## About this exercise
Beginning with the first line, return the material verbatim and without pictures.

## Source material
------------------------------

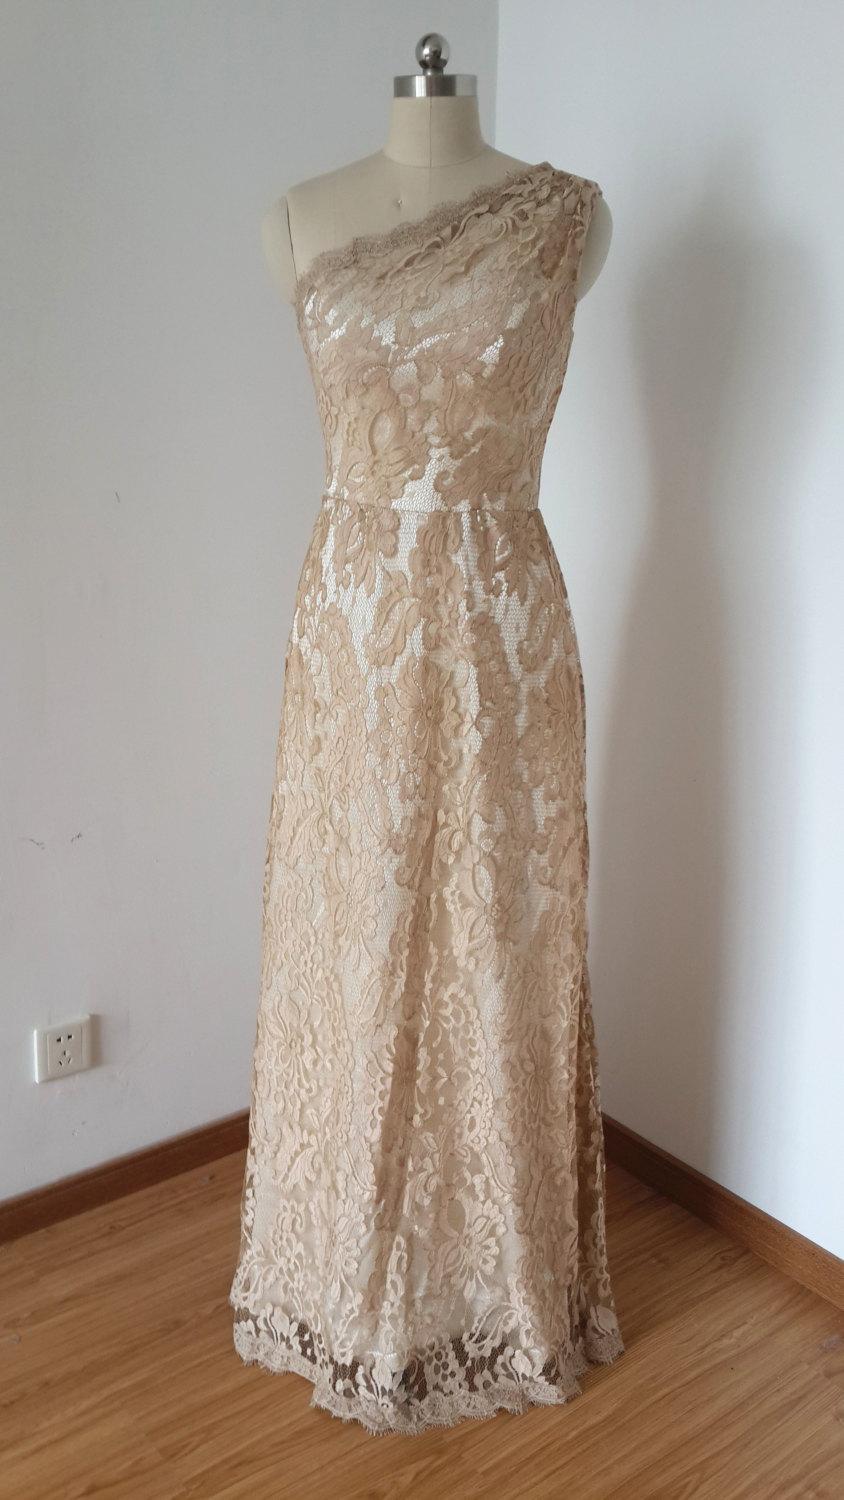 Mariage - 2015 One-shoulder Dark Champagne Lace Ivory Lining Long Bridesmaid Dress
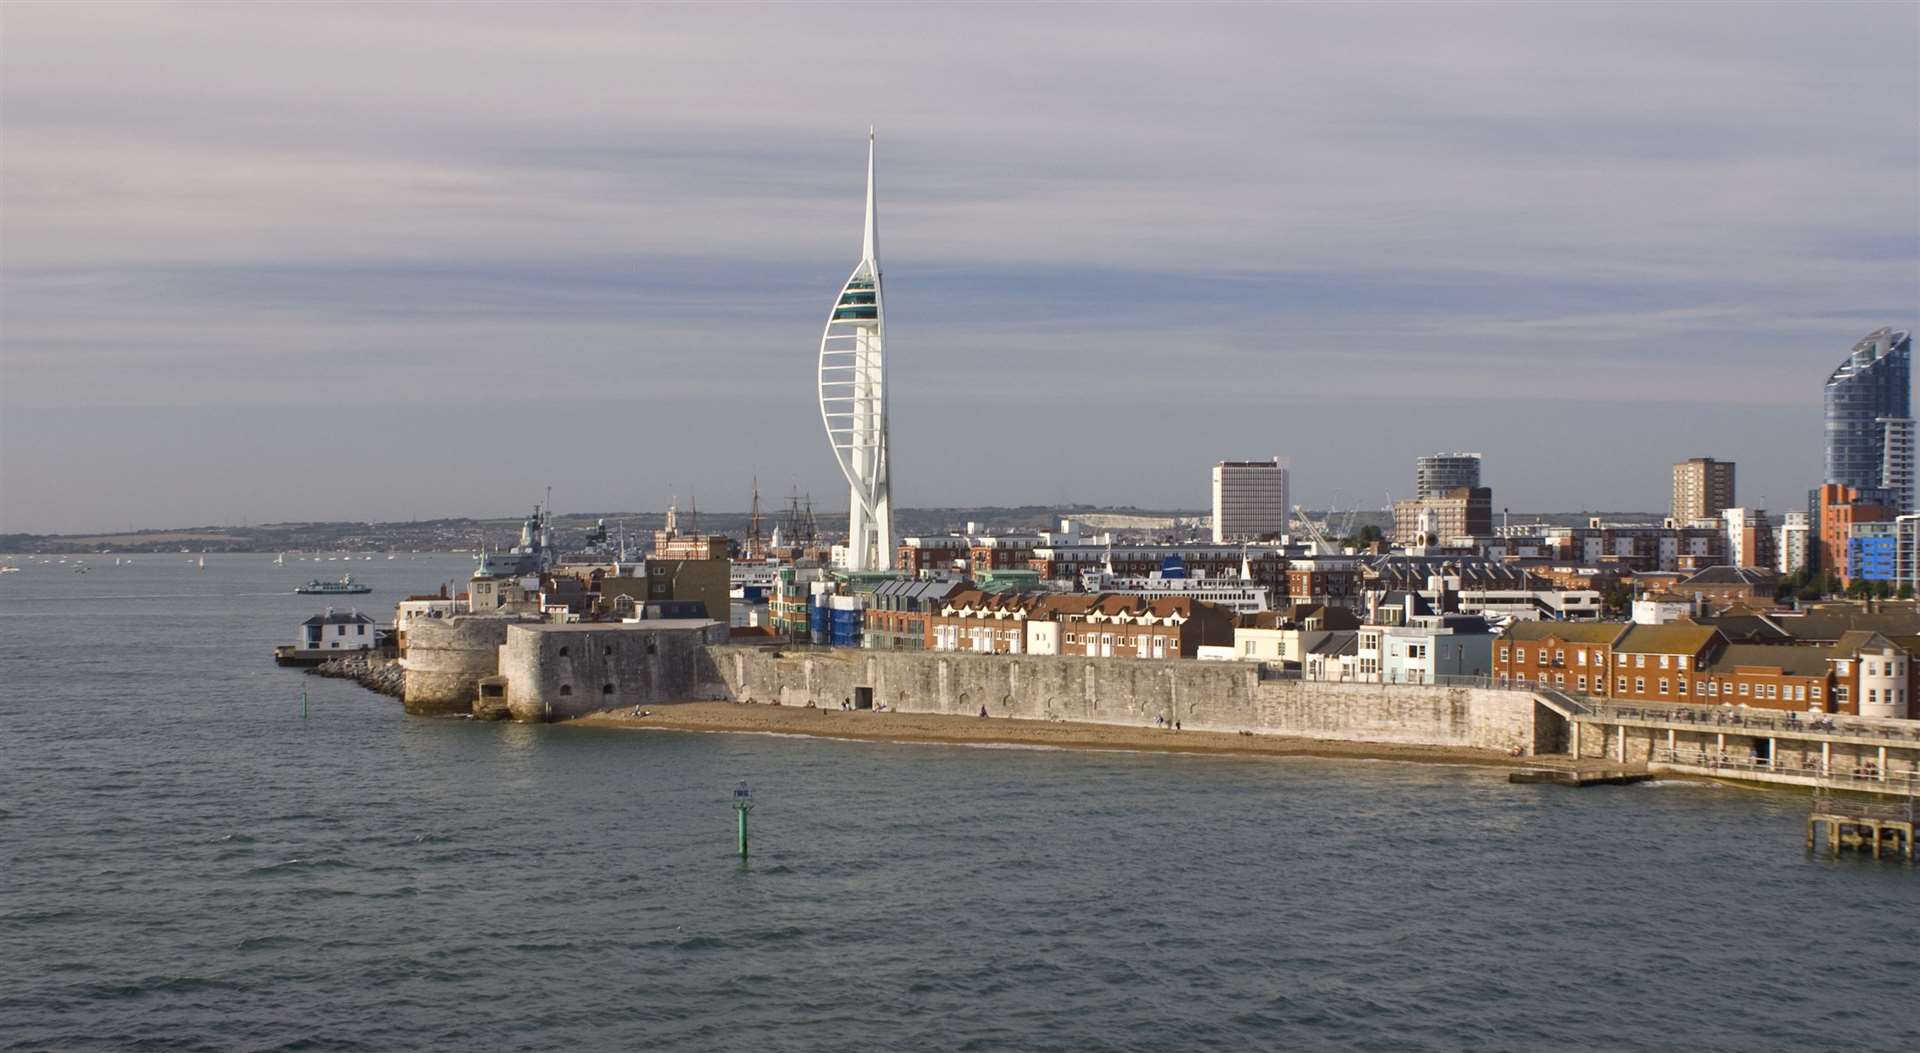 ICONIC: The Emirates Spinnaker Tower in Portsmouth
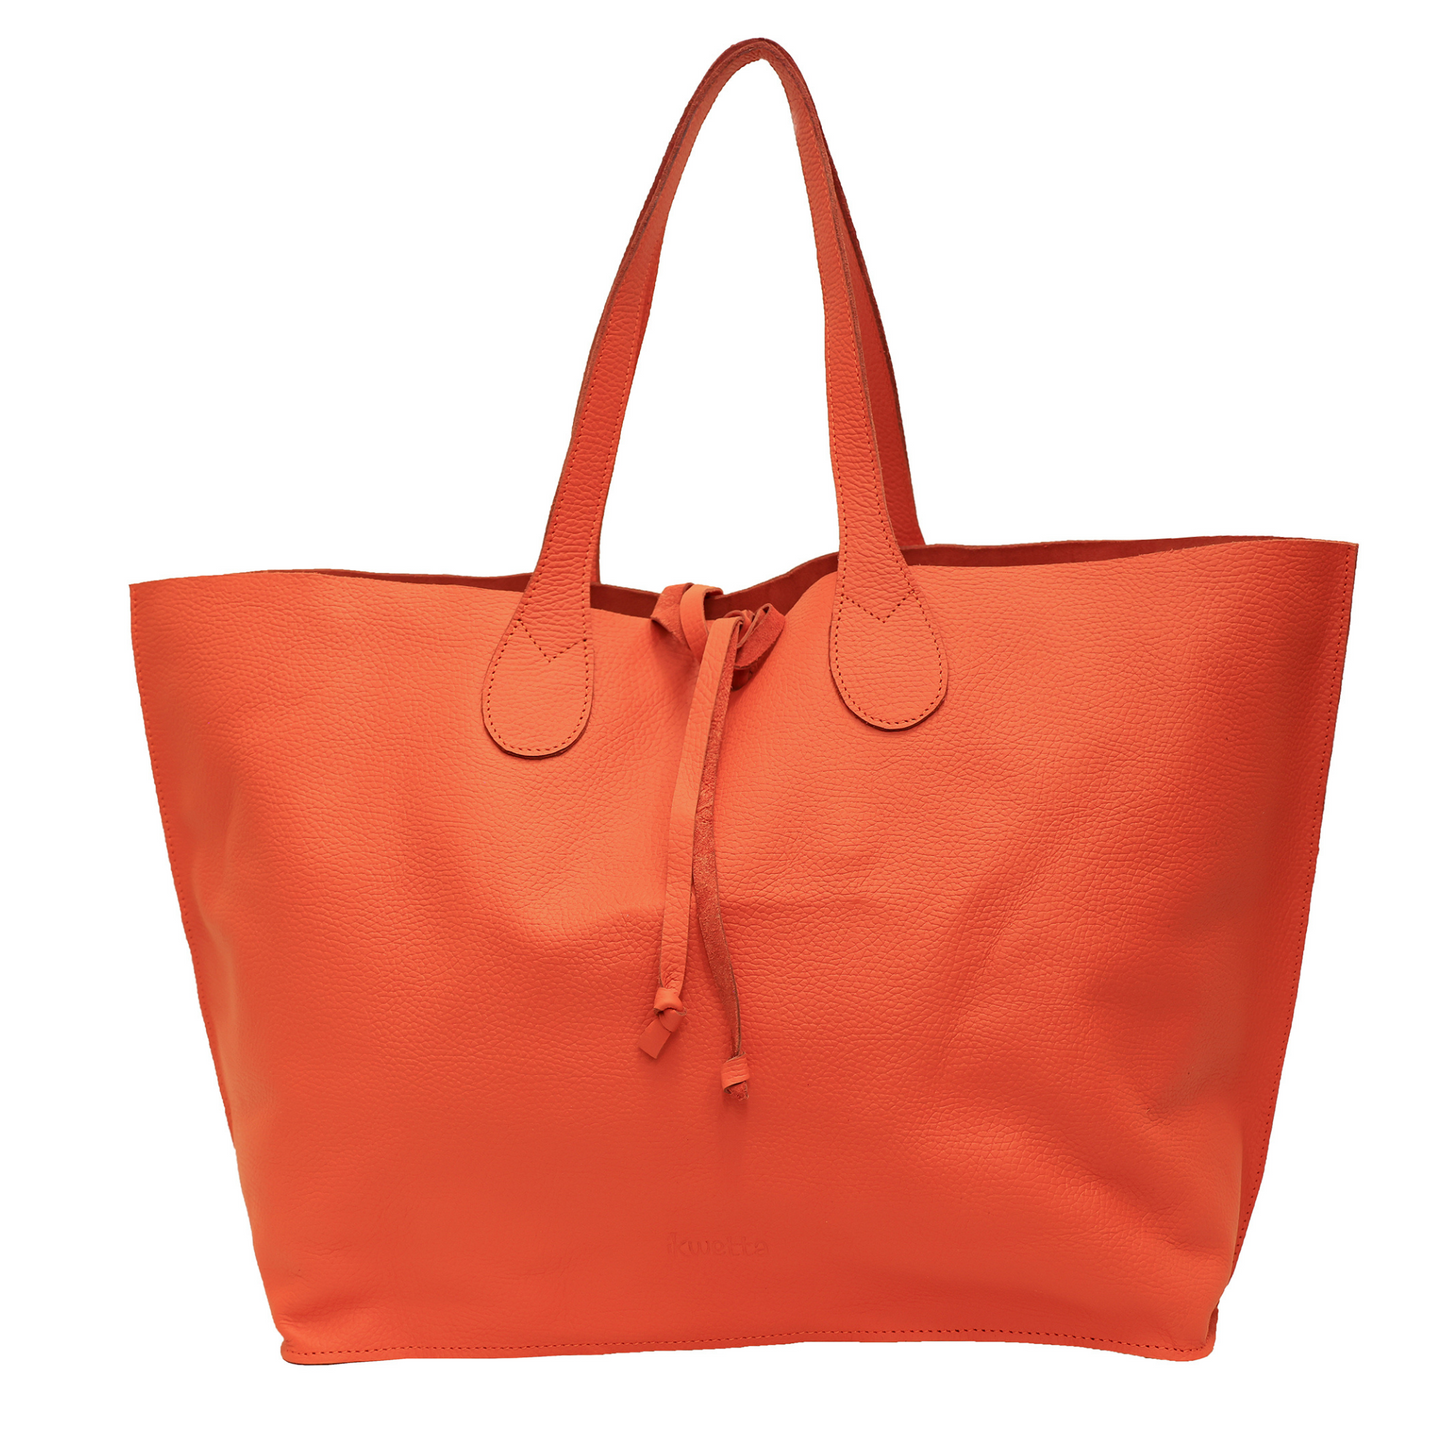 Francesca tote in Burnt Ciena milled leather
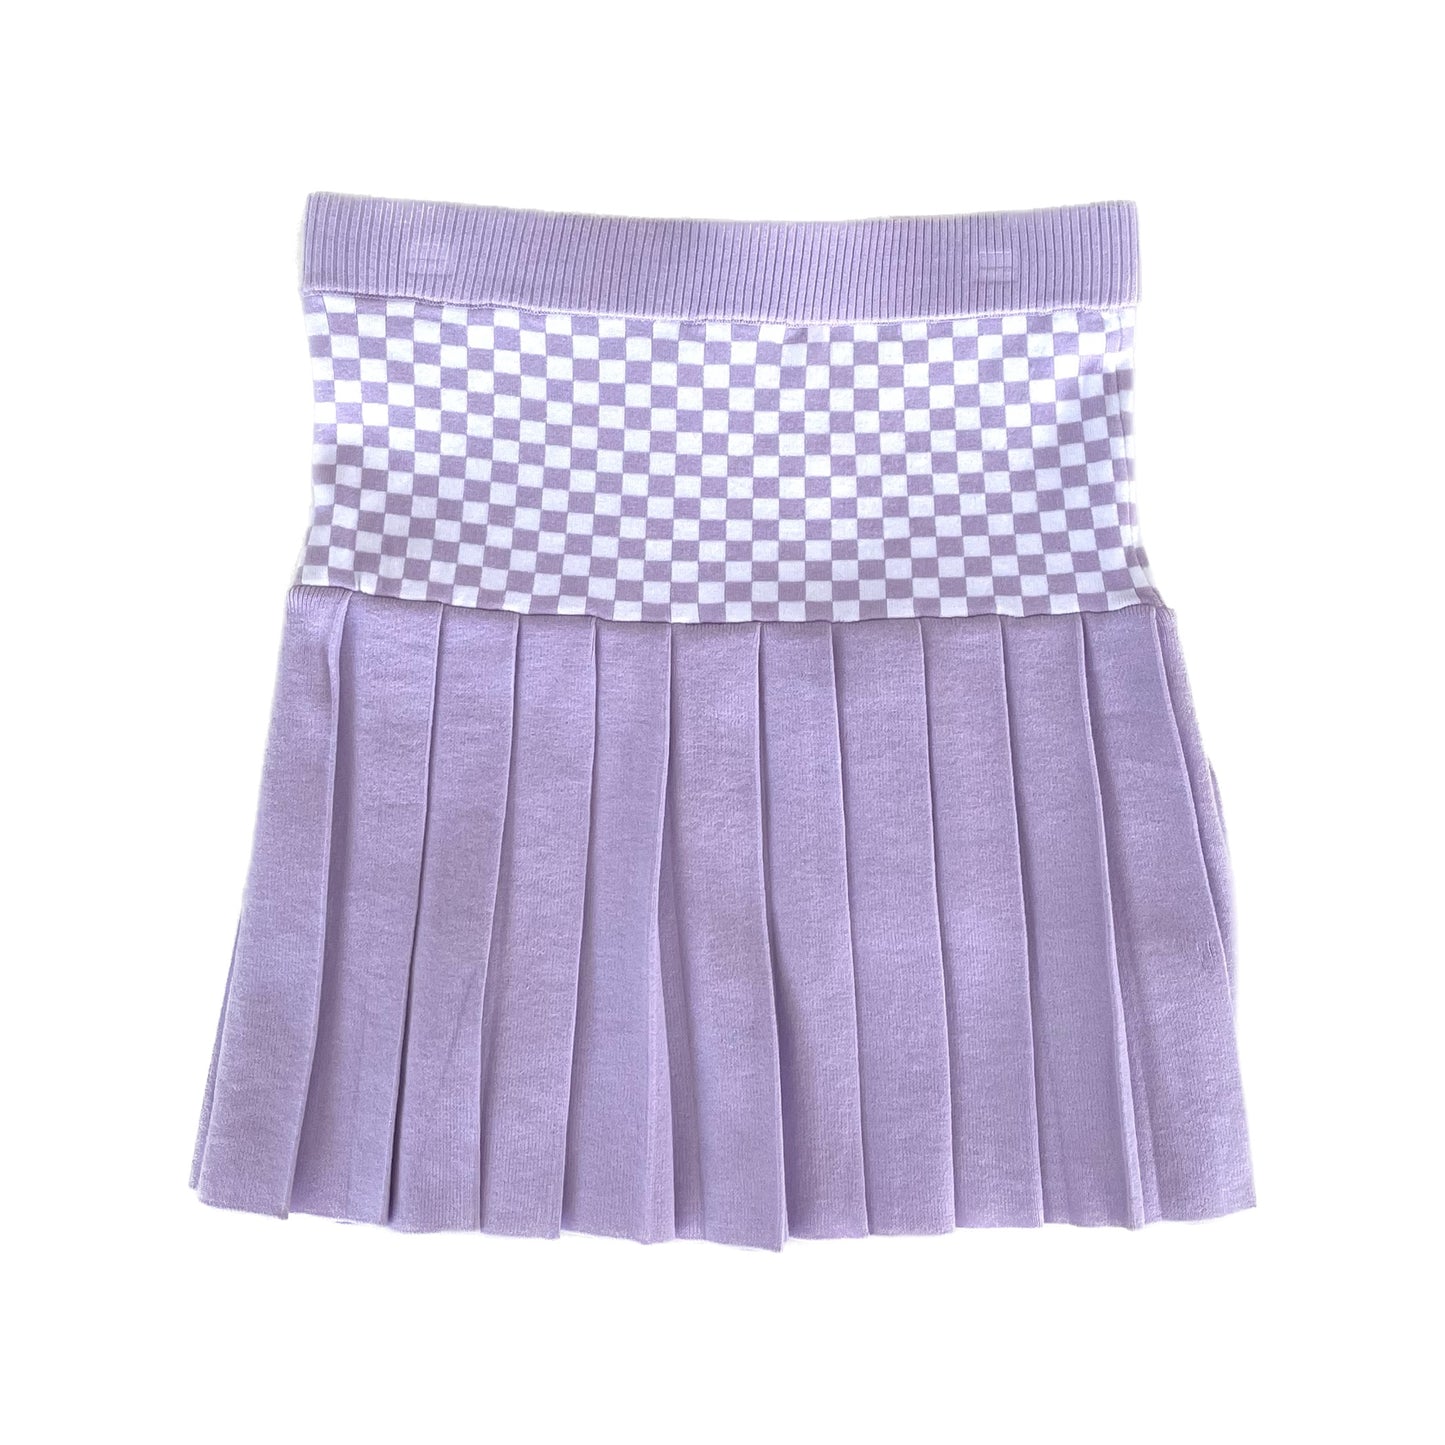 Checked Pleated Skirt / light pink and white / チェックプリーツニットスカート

------------------------------

## Response to the exercise
 Mariage - 2015 One-shoulder Dark Champagne Lace Ivory Lining Long Bridesmaid Dress
 ICONIC: The Emirates Spinnaker Tower in Portsmouth
 Francesca tote in Burnt Ciena milled leather
 Checked Pleated Skirt / light pink and white / チェックプリーツニットスカート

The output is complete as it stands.